Stationary distribution

For stability, we require \(\rho < 1\).

When \(\rho < 1\), the M/M/1 queue has a stationary distribution for the number of customers in the system, which is given by:

\[ \pi_n = (1-\rho) \rho^n, \quad n = 0, 1, 2, \ldots \]

This is exactly the geometric distribution with parameter \(1-\rho\).

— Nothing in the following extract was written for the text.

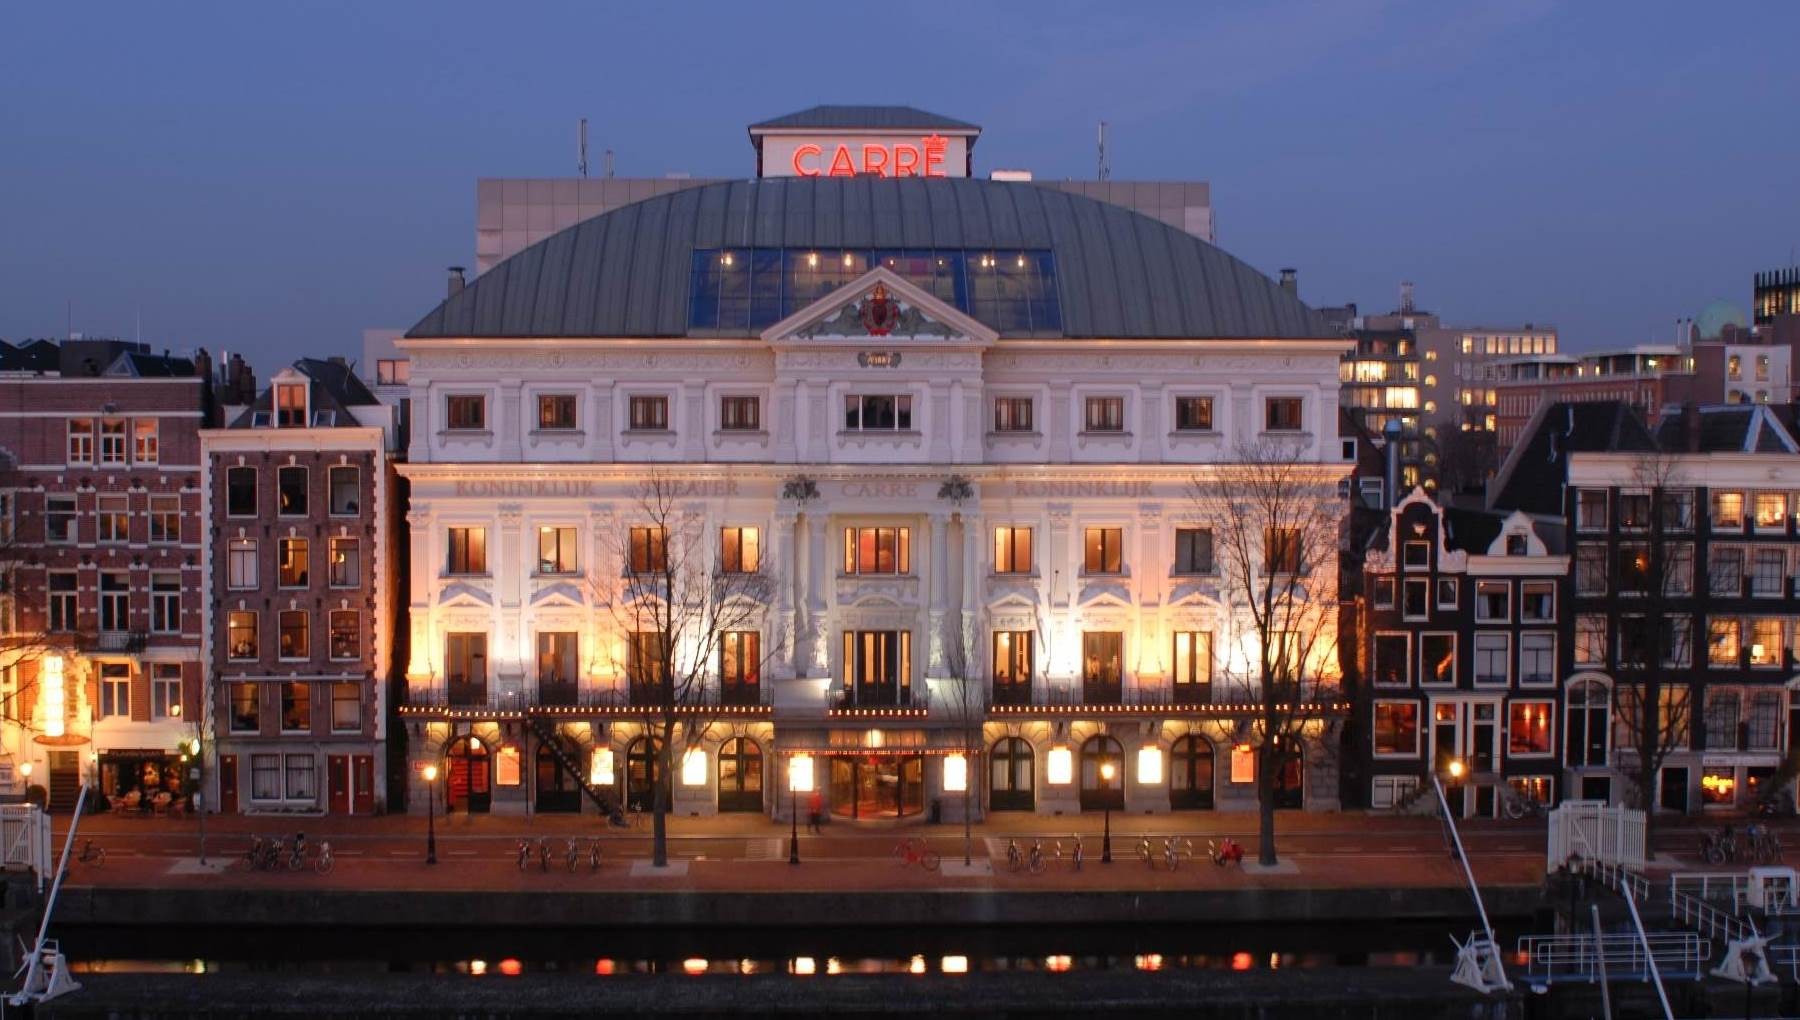 kkoninklijk theater carré Amsterdam

We can also interpret utilisation ratio as follows:

Utilisation ratio \(\rho\)	System behaviour	Recommendation
\(\rho < 0.6\)	Underutilised	Consider reducing capacity or increasing demand
\(0.6 \le \rho < 0.8\)	Efficient	System is well balanced
\(0.8 \le \rho < 1\)	High utilisation	Monitor closely for potential congestion
\(\rho \ge 1\)	Unstable	Increase capacity or reduce demand; otherwise, queue will grow indefinitely

Little’s Law

Little’s Law is a fundamental result in queueing theory that relates the average number of customers in a system (\(L\)), the average arrival rate (\(\lambda\)), and the average time a customer spends in the system (\(W\)).

It states that:

\[ L = \lambda W \]

This means that the average number of customers in the stationary system is equal to the average arrival rate multiplied by the average time each customer spends in the system.

Erlang-C formula

The Erlang-C formula gives the probability that an arriving customer will have to wait for service in an M/M/\(c\) queue. It is derived from the steady‑state probabilities of the number of customers in the system and captures the likelihood that the server is busy upon arrival.

The formula is:

\[ P(\text{wait}) = \frac{\displaystyle \frac{(\lambda/\mu)^c}{c!}\,\frac{1}{1-\rho} }{ \displaystyle \sum_{n=0}^{c-1} \frac{(\lambda/\mu)^n}{n!} + \frac{(\lambda/\mu)^c}{c!}\,\frac{1}{1-\rho} }, \]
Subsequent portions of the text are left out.